The task —
Quote the listing below in full and exactly as written, but omit every picture.

Supplied data section start

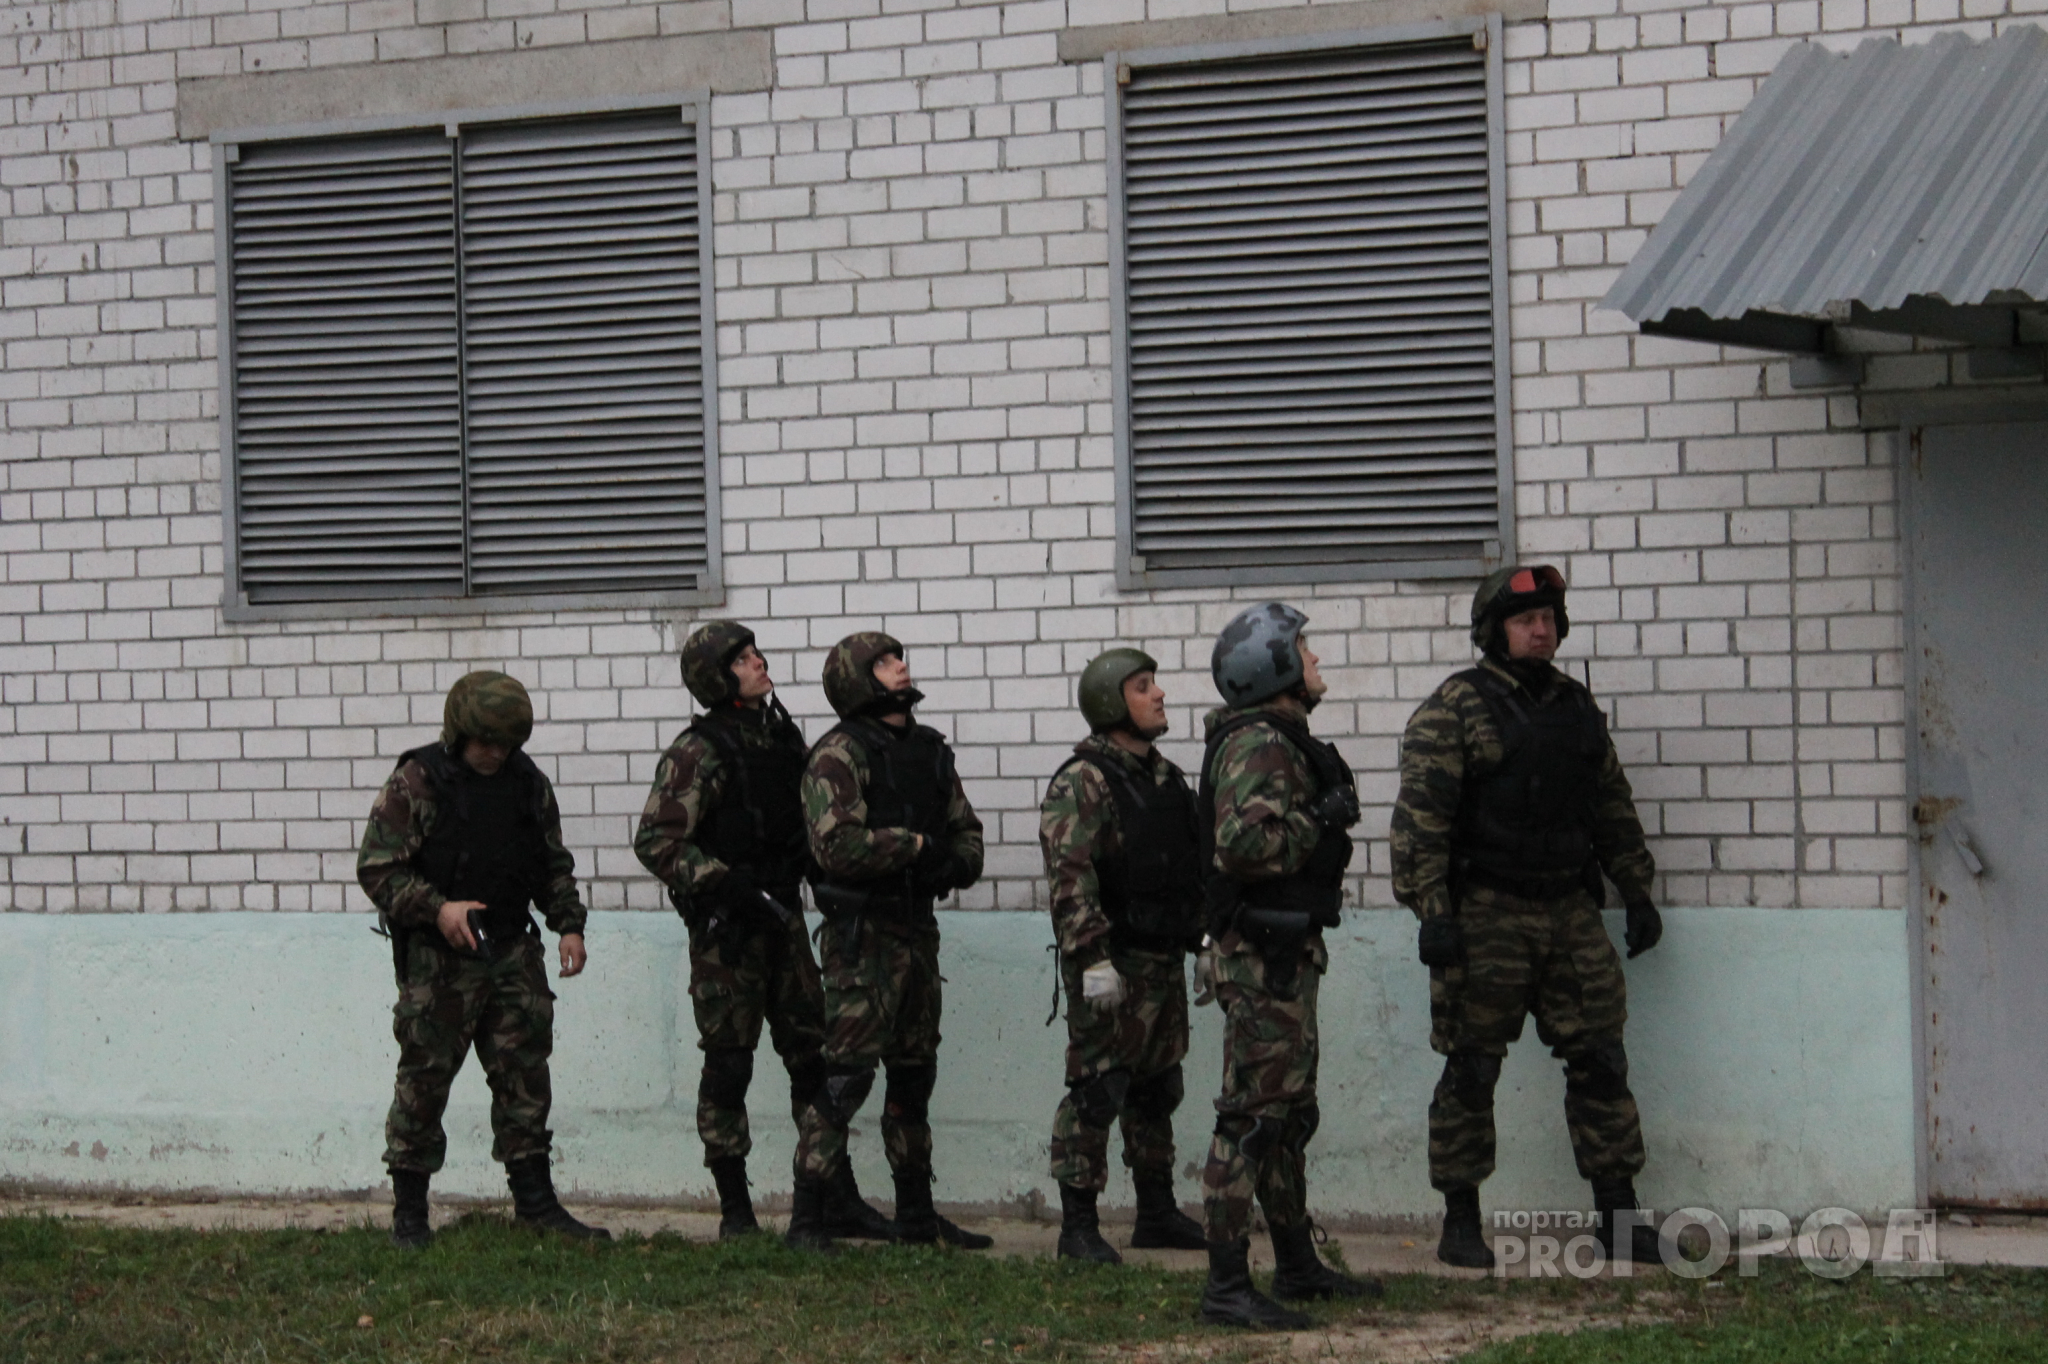 СМИ: в день задержания директора фонда капремонта силовики побывали в РСУ №1
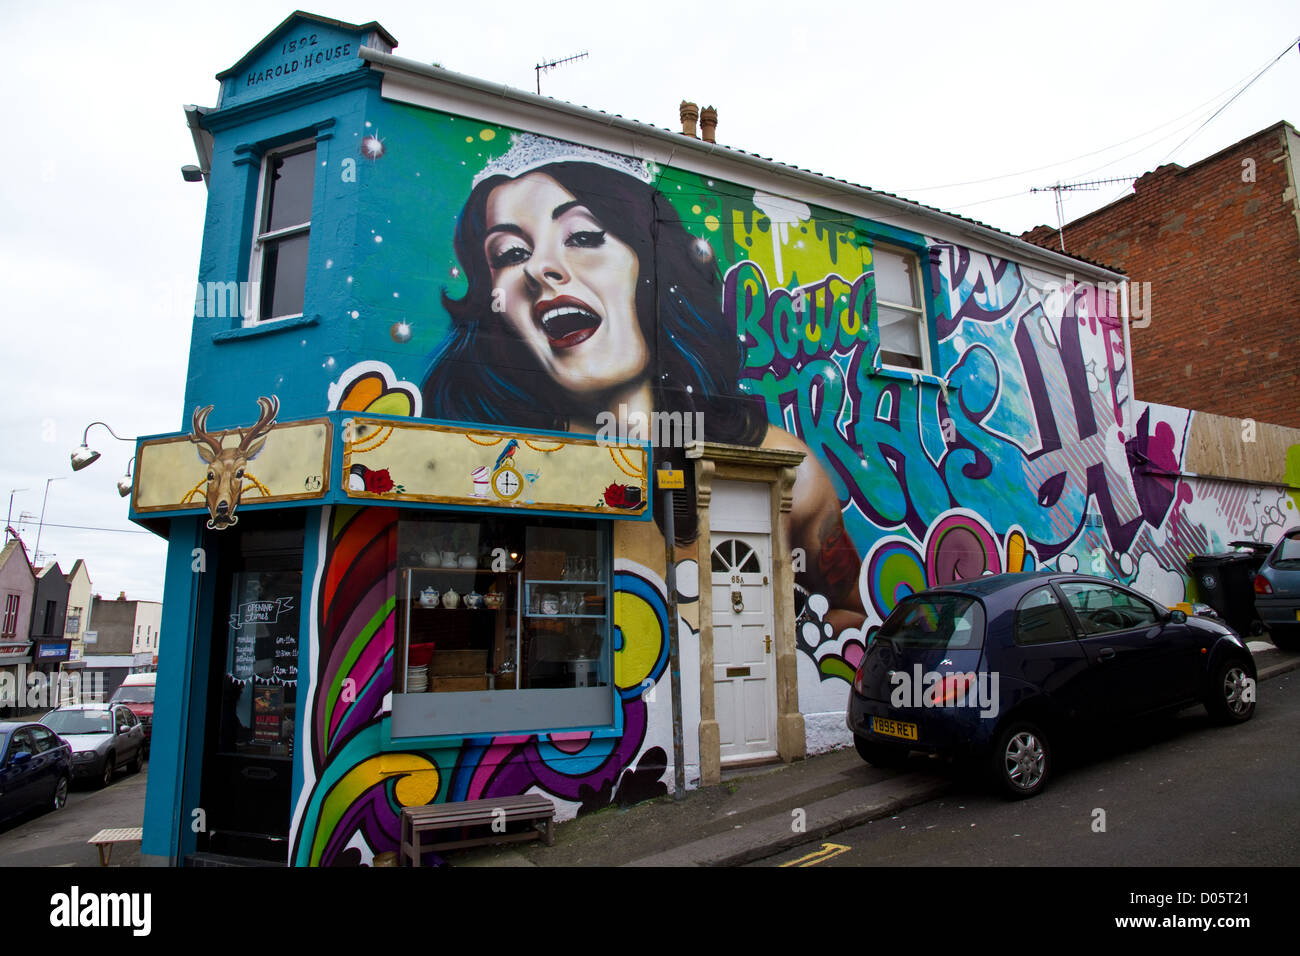 Art urbain Graffiti/image d'une reine de beauté peint sur le côté d'une maison et d'atelier à Bedminster, Bristol Banque D'Images
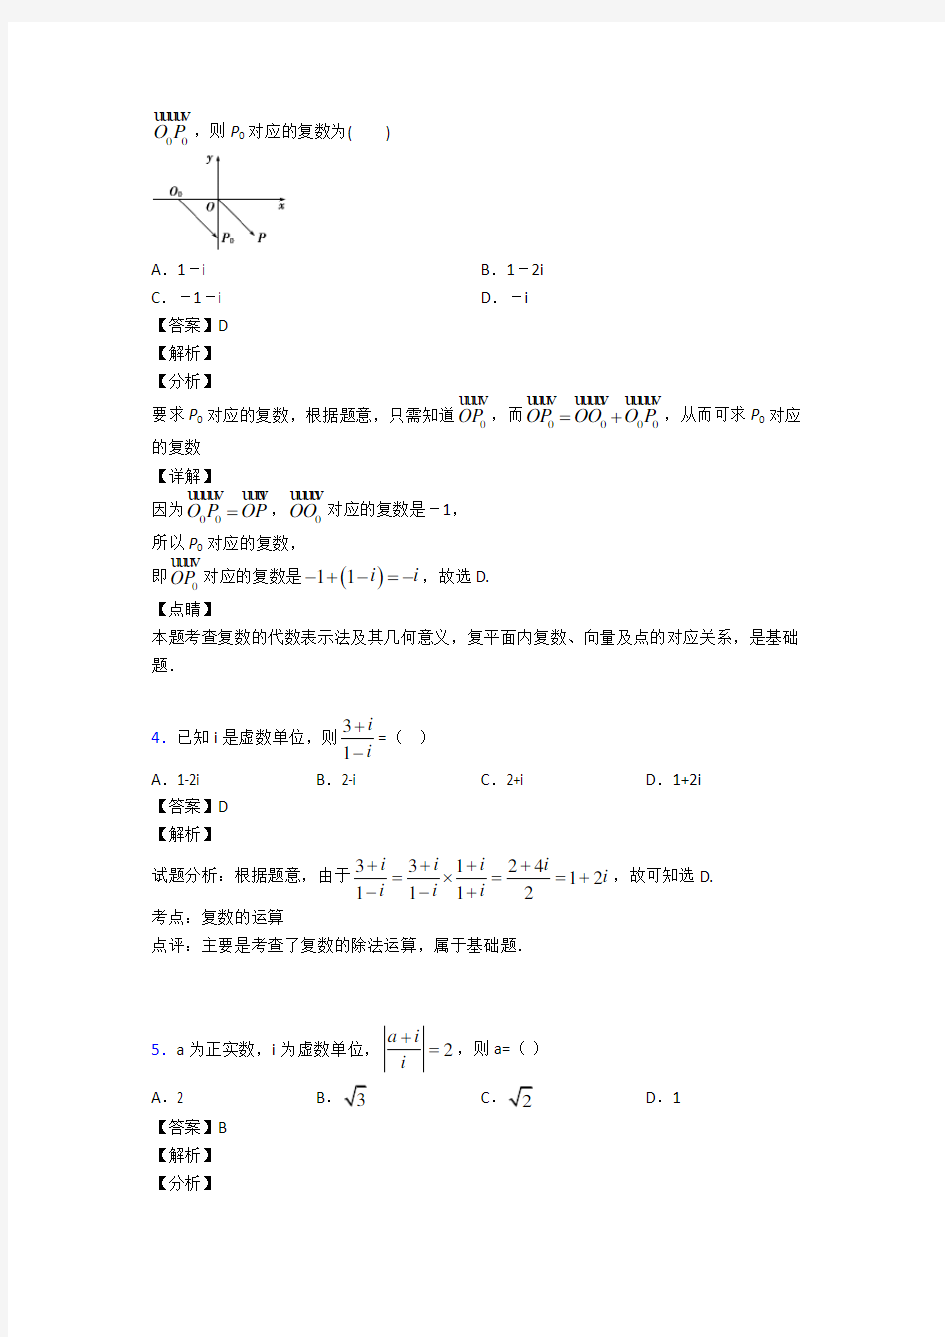 高考数学压轴专题上海备战高考《复数》单元汇编及解析

Supplied data section end

Finished exercise —
 СМИ: в день задержания директора фонда капремонта силовики побывали в РСУ №1
 Art urbain Graffiti/image d'une reine de beauté peint sur le côté d'une maison et d'atelier à Bedminster, Bristol Banque D'Images
 高考数学压轴专题上海备战高考《复数》单元汇编及解析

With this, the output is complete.